* **DATA FOR PROCESSING**
((

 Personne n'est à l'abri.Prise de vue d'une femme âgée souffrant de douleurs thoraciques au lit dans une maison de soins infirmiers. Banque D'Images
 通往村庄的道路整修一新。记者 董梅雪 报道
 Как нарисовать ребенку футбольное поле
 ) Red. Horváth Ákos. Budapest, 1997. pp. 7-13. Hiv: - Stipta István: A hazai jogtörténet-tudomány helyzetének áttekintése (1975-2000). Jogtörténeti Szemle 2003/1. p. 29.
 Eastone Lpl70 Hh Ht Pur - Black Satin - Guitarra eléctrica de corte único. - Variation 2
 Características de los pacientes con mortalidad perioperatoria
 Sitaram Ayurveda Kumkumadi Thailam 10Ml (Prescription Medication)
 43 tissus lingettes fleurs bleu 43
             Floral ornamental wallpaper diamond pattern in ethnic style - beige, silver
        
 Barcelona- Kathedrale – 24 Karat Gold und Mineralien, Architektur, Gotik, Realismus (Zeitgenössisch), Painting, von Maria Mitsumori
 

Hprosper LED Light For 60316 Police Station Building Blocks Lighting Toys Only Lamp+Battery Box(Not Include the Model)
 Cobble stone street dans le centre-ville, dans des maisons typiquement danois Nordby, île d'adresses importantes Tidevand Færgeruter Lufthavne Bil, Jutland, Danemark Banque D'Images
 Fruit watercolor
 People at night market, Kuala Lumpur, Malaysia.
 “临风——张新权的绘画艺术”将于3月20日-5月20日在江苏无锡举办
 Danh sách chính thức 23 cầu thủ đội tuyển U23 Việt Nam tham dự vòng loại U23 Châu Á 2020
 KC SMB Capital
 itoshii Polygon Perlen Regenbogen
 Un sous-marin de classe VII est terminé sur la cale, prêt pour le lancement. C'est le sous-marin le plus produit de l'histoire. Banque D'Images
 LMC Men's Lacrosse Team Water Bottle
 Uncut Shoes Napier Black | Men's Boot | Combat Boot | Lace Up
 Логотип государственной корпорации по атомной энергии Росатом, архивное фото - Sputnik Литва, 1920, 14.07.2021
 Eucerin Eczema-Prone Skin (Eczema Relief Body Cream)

))

* **TASK DESCRIPTION**
Within the material above, copy exactly the lines from the line that holds "43 tissus lingettes fleurs bleu 43" up to and including the line that holds "Fruit watercolor".

* **RESPONSE AREA**
 43 tissus lingettes fleurs bleu 43
             Floral ornamental wallpaper diamond pattern in ethnic style - beige, silver
        
 Barcelona- Kathedrale – 24 Karat Gold und Mineralien, Architektur, Gotik, Realismus (Zeitgenössisch), Painting, von Maria Mitsumori
 

Hprosper LED Light For 60316 Police Station Building Blocks Lighting Toys Only Lamp+Battery Box(Not Include the Model)
 Cobble stone street dans le centre-ville, dans des maisons typiquement danois Nordby, île d'adresses importantes Tidevand Færgeruter Lufthavne Bil, Jutland, Danemark Banque D'Images
 Fruit watercolor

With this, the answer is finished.